Begitu juga dengan istri ke-2. Sang pedagang sangat menyukainya karena ia istri yang sabar dan penuh pengertian. Kapan pun pedagang mendapat masalah, ia selalu minta pertimbangan istri ke2-nya ini, yang selalu menolong dan mendampingi sang suami melewati masa-masa sulit. Sama halnya dengan istri pertama. Ia adalah pasangan yang sangat setia dan selalu membawa perbaikan bagi kehidupan keluarganya. Wanita ini yang merawat dan mengatur semua kekayaan da bisnis sang suami. Akan tetapi, sang pedagang kurang mencintainya meski istri pertama ini begitu sayang kepadanya. Suatu hari si pedagang sakit dan menyadari ia akan segera meninggal. Ia meresapi semua kehidupan indahnya dan berkata dalam hati, Saat ini aku punya 4 istri. namun saat aku meninggal, aku akan sendiri. Betapa menyedihkan. Lalu pedagang itu memanggil semua istrinya dan bertanya pada istri ke-4-nya. Engkaulah yang paling kucintai, kuberikan kau gaun dan perhiasan indah. Nah, sekarang aku akan mati. Mau kah kamu mendampingi dan menemaniku? Ia terdiam. Tentu saja tidak! Jawab istri ke-4 dan pergi begitu saja tanpa berkata apa-apa lagi. Jawaban ini sangat menyakitkan hati. Seakan-akan ada pisau terhunus dan mengiris-iris hatinya. Pedagang itu sedih lalu bertanya pada isttri ke-3. Aku pun mencintaimu sepenuh hati dan saat ini hidupku akan berakhir. Maukah kau ikut denganku dan menemani akhir hayatku? Istrinya menjawab, Hidup begitu indah di sini, aku akan menikah lagi jika kau mati. Bagai disambar petir di siang bolong, sang pedagang sangat terpukul dengan jawaban tersebut. Badannya terasa demam. Kemudian ia memanggil istri ke-2. Aku selalu berpaling kepadamu setiap kali aku mendapat masalah dan kau selalu membantuku sepenuh hati. Kini aku butuh sekali bantuanmu.
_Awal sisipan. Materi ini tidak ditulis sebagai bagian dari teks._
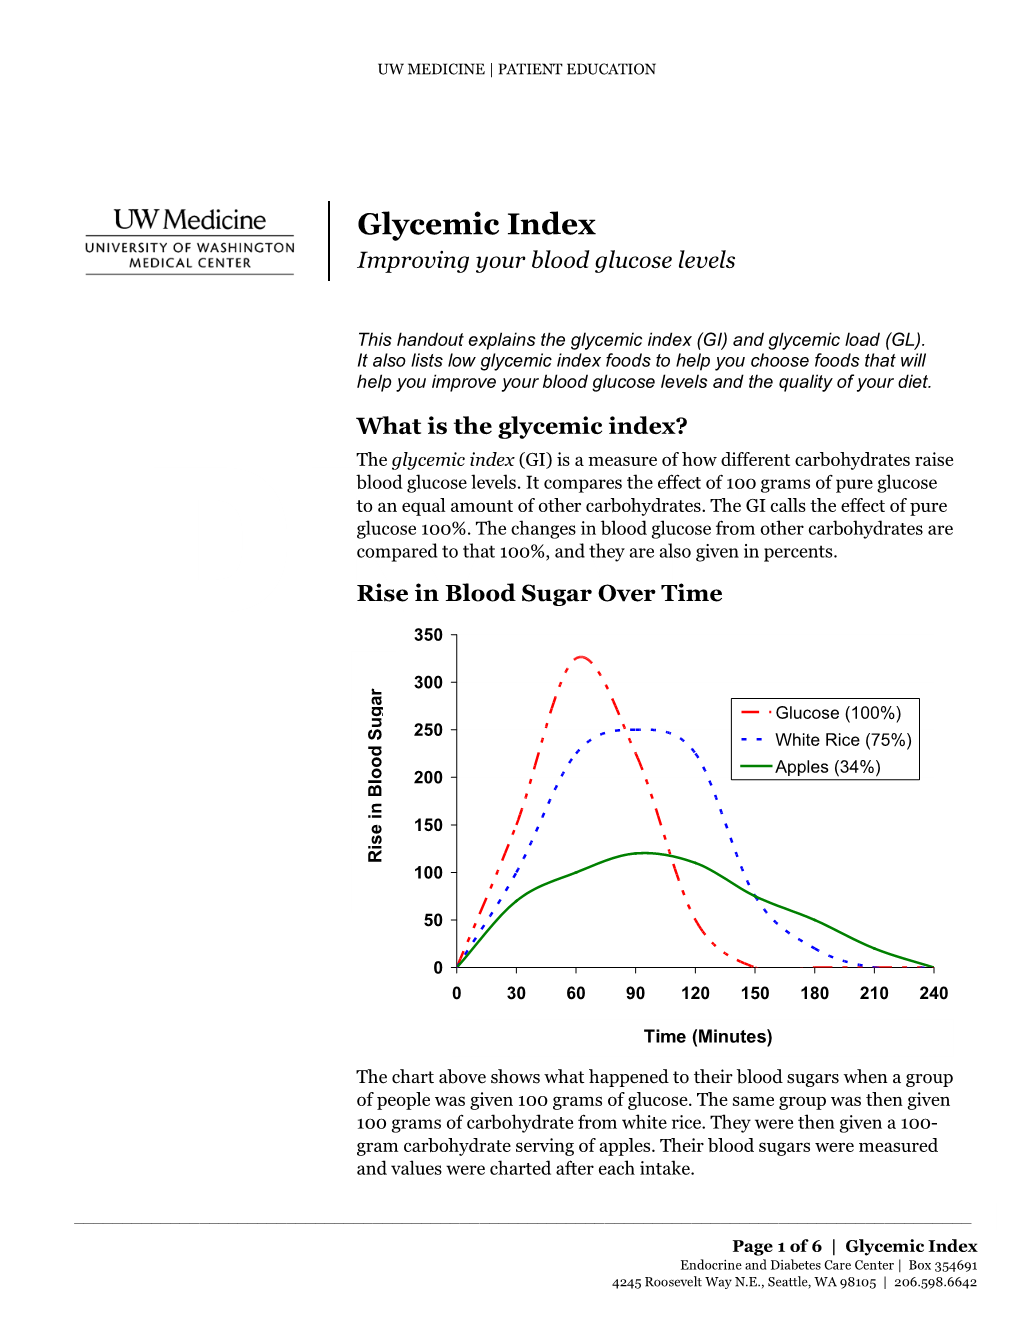 Glycemic Index | Improving Your Blood Glucose Levels |

Kalau aku mati, maukah engkau mendampingiku? Jawab sang istri, maafkan aku kali ini aku tak bisa menolongmu. Aku hanya bisa mengantarmu hingga ke liang kubur. Nanti akan ku buatkan makam yang indahmu untukmu. Pedagang ini merasa putus asa. Dalam kondisi kecewa itu, tiba-tiba terdengar suara, Aku akan tinggal bersamamu dan menemanimu kemana pun kau pergi. Aku tak akan meninggalkanmu, aku akan setia bersamamu.
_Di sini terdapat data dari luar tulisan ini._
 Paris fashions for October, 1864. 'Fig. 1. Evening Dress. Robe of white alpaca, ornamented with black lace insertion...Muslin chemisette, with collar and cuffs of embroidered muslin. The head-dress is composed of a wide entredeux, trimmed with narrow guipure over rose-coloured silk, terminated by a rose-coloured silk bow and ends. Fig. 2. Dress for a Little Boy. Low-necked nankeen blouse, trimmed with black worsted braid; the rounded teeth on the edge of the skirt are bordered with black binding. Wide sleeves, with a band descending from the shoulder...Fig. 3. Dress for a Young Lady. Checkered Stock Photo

Pria itu lalu menoleh ke samping, dan mendapati istri pertamanya di sana. Ia tampak begitu kurus. Badannya seperti orang kelaparan. Merasa menyesal, sang pedagang lalu bergumam, Kalau saja aku bisa merawatmu lebih beik saat aku mampu, tak akan kubiarkan engkau kurus seperti ini, istriku. Sesungguhnya, kita punya 4 istri dalam hidup ini. Istri ke-4, TUBUH kita Seberapa banyak waktu dan biaya yang kita keluarkan untuk tubuh kita supaya tampak indah dan gagah. Semua ini akan hilang dalam suatu batas ruang dan waktu. Tak ada keindahan dan kegagahan yang tersisa saat kita menghadap-Nya. Istri ke-3, STATUS SOSIAL DAN KEKAYAAN Saat kita meninggal, semuanya akan pergi kepada yang lain. Mereka akan berpindah dan melupakan kita yang pernah memilikinya. Sebesar apapun kedudukan kita salam masyarakat dan sebanyak apapun harta kita, semua itu akan berpindah tangan dalam waktu sekejap ketika kita tiada. Istri ke-2, KERABAT DAN TEMAN Seberapa pun dekat hubungan kita dengan mereka, kita tak akan bisa terus bersama mereka. Hanya sampai liang kuburlah mereka menemani kita. Dan sesungguhnya istri pertam kita adalah JIWA DAN AMAL KITA Sebenarnya hanya jiwa dan amal kita sajalah yang mampu untuk terus setia mendampingi kemanapun kita melangkah. Hanya amal-lah yang mampu menolong kita di akhirat kelak. Jadi, selagi kita mampu, perlakukanlah jiwa kita dengan bijak serta jangan pernah malu untuk berbuat amal, memberikan pertolongan kepada sesama yang membutuhkan. Betapa pun kecilnya bantuan kita, pemberian kita menjadi sangat berarti bagi mereka yang memerlukannya. Mari kita belajar memperlakukan jiwa dan amal kita dengan bijak.